Re: TRANSTEXT - Complimentary alternative to gettext

Post by gyrog »

I have attached 'transtext_g-0.1.sfs'.
This contains my take on transtext.

Unfortunately I have ended up significantly "hacking" your code.
Please look on it as suggestions of some alternate possibilities, and one way of implementing them.

1) There is a '/bin/gettext' which provides a mechanism to enable/disable the transtext 'gettext'.
If a flag file '/var/local/use_transtext_gettext' exists, it executes '/sbin/gettext',
otherwise it executes '/usr/bin/gettext'.
The Puppy PATH starts with "/bin:/usr/bin:/sbin:/usr/sbin".
The installed '/usr/bin/gettext' remains available for use.

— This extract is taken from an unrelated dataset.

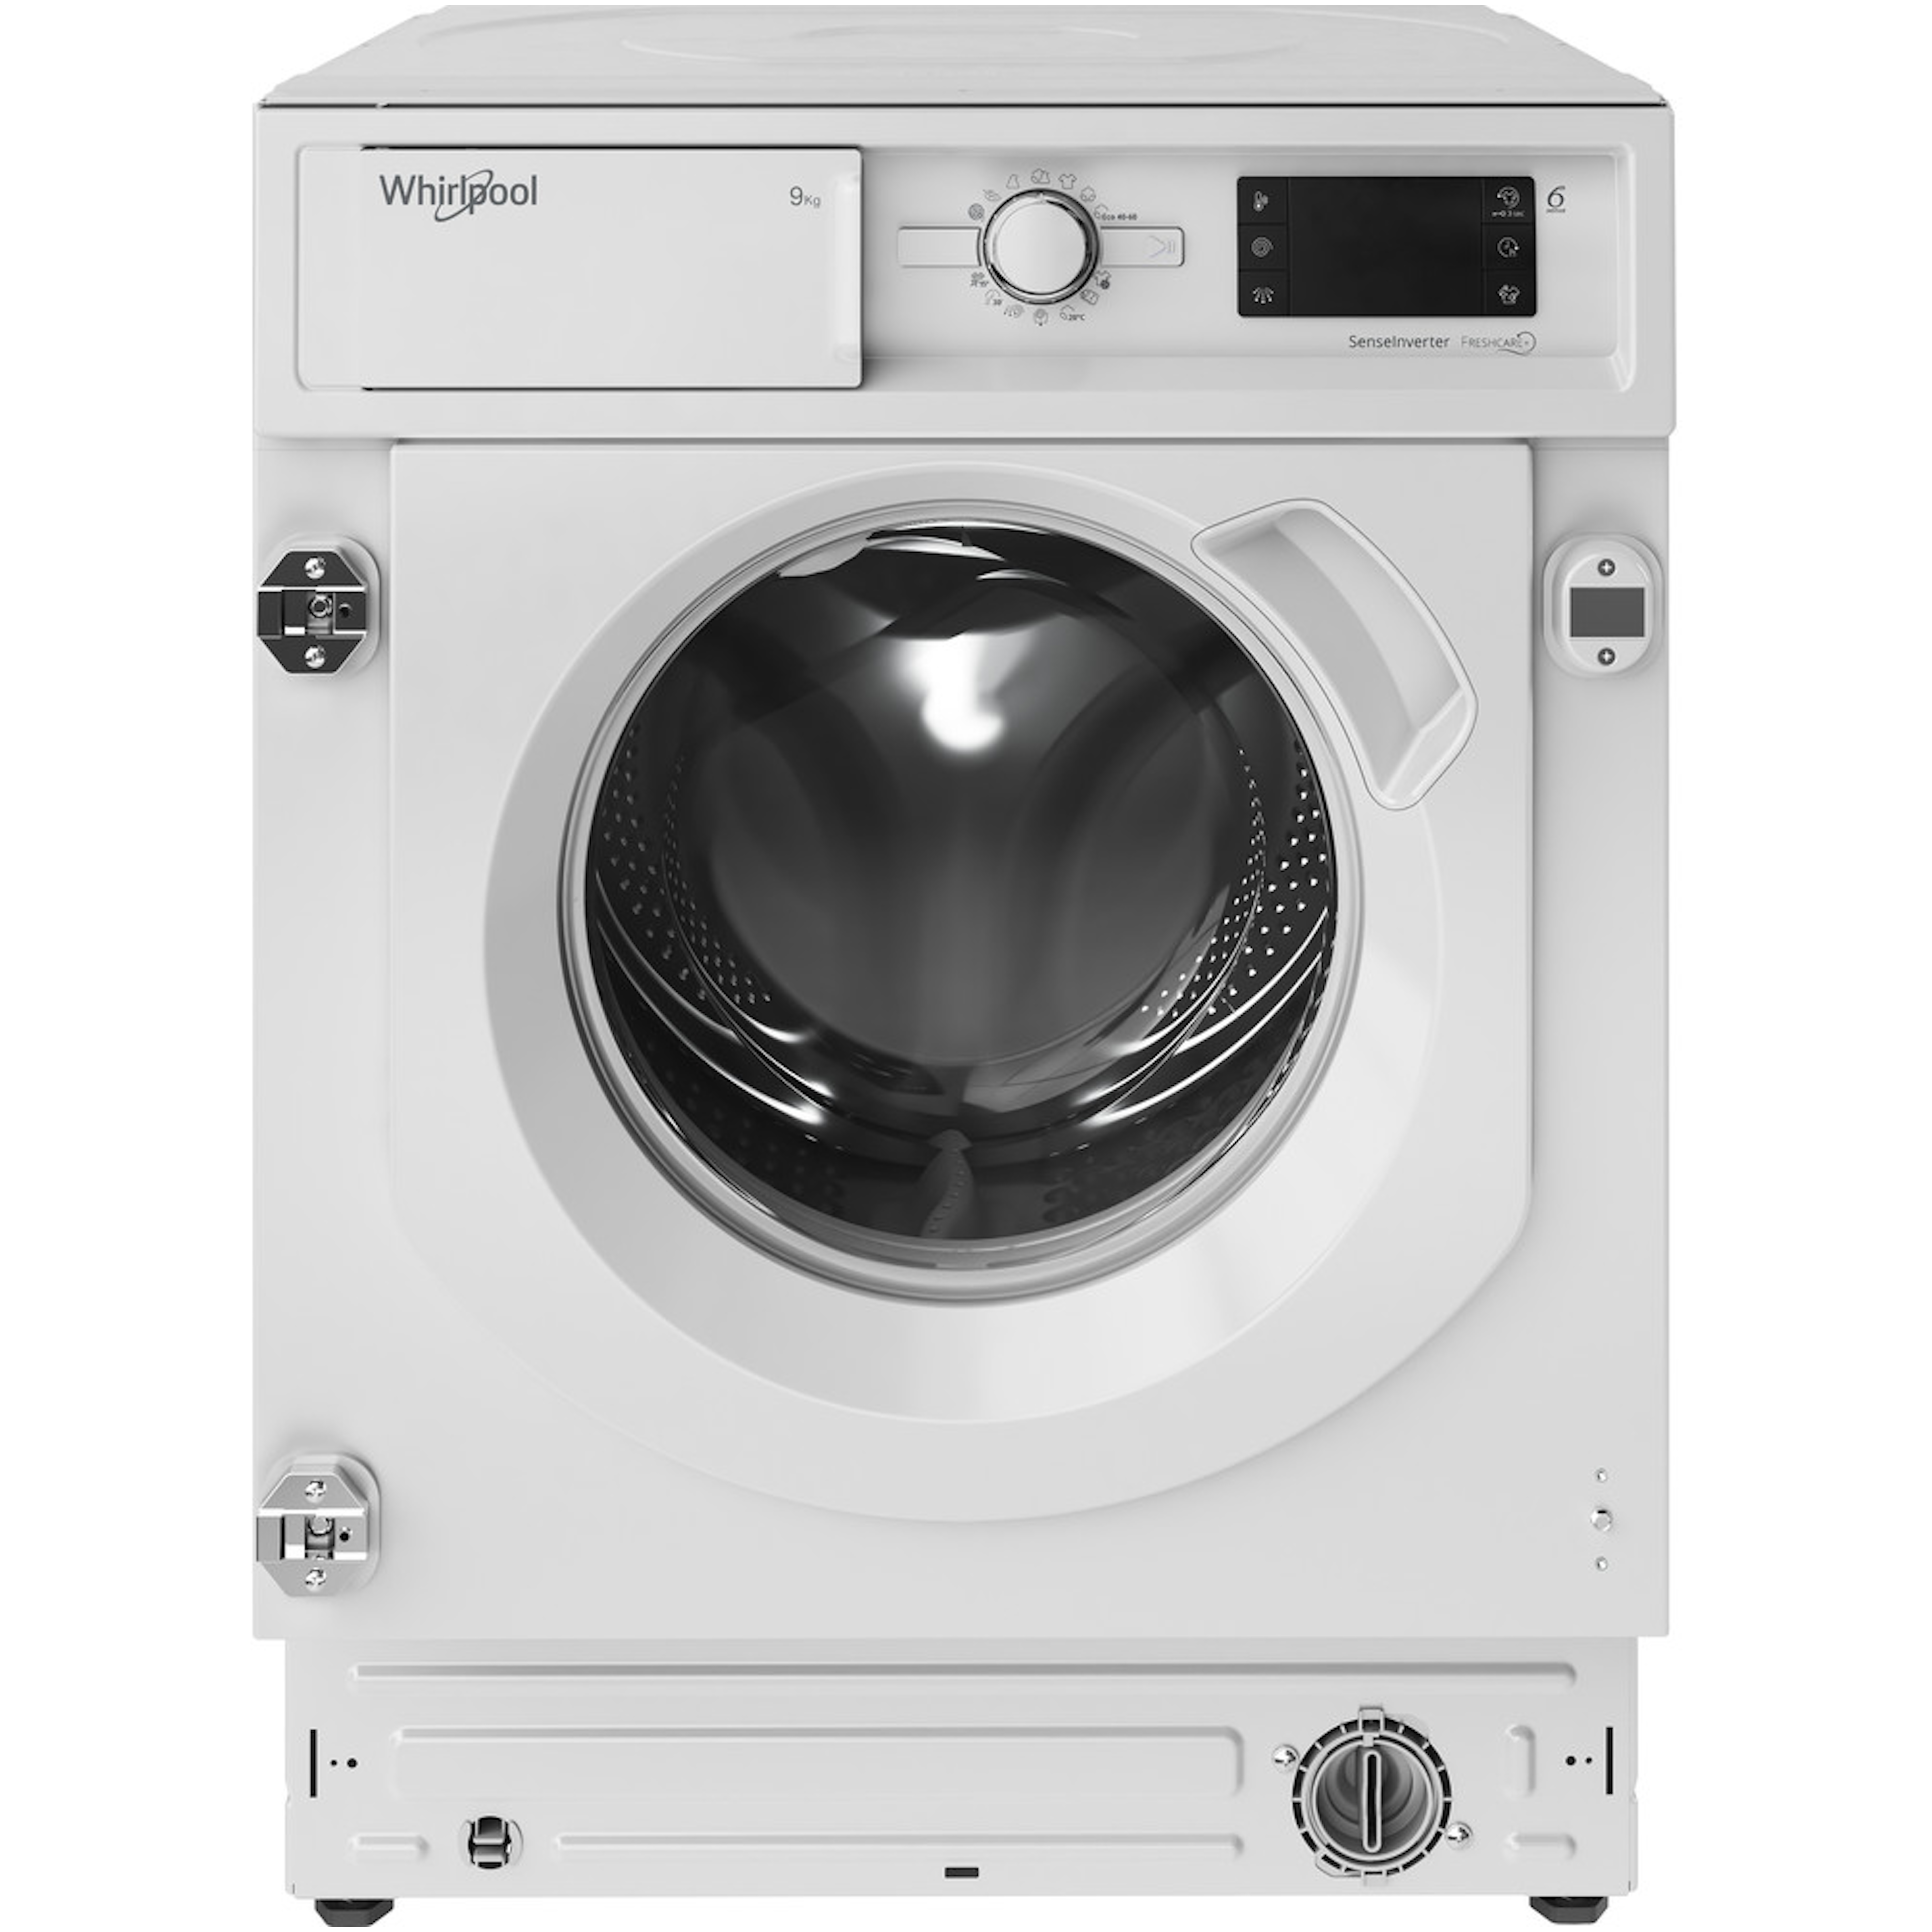 Whirlpool BIWMWG91485EU wasmachine afbeelding 1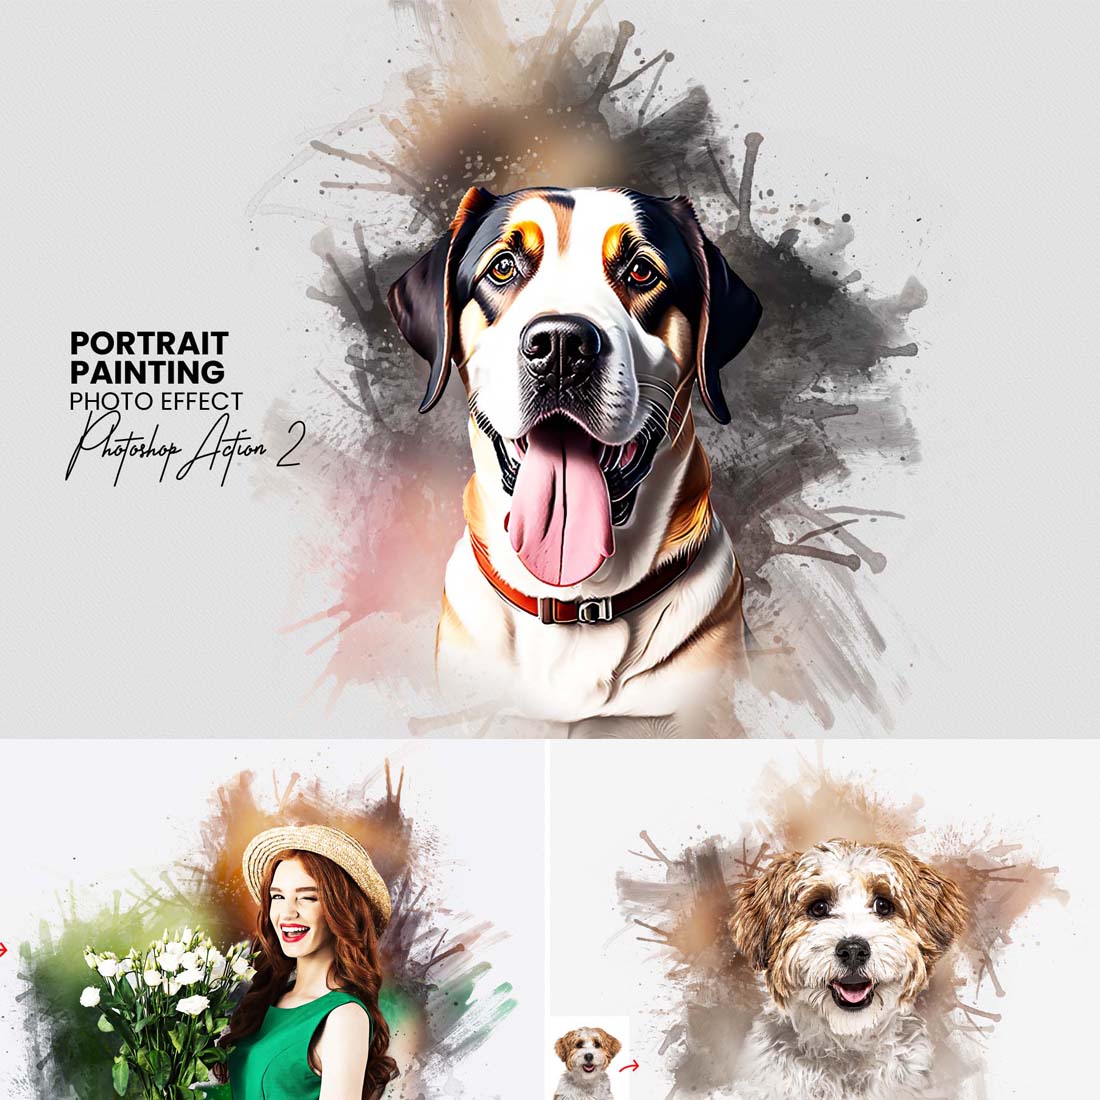 Portrait Painting Photoshop Action cover image.

2) In '/sbin' as well as 'gettext' there is also 'enable-transtext', 'disable-transtext' and 'trans.png'.
(I don't have a "$camino/icons/trans.png")
'disable-transtext' simply deletes the flag file.
'enable-transtext' writes $lng and $txtLng to the flag file.
($txtLng is the language to translate from.)
If 'enable-transtext' is called without any paramater,
$lng is derived from $LANG and $txtLng='en'.
If it is called with a simple parameter, e.g. 'fr',
$lng='fr' and $txtLng='en'.
if it is called with a complex parameter, e.g. 'fr:en'
$lng='en' and $txtLng='fr'
'gettext' now includes the flag file if it exists, thus setting the 2 variables.
So any translation direction can be preset before 'gettext' is called.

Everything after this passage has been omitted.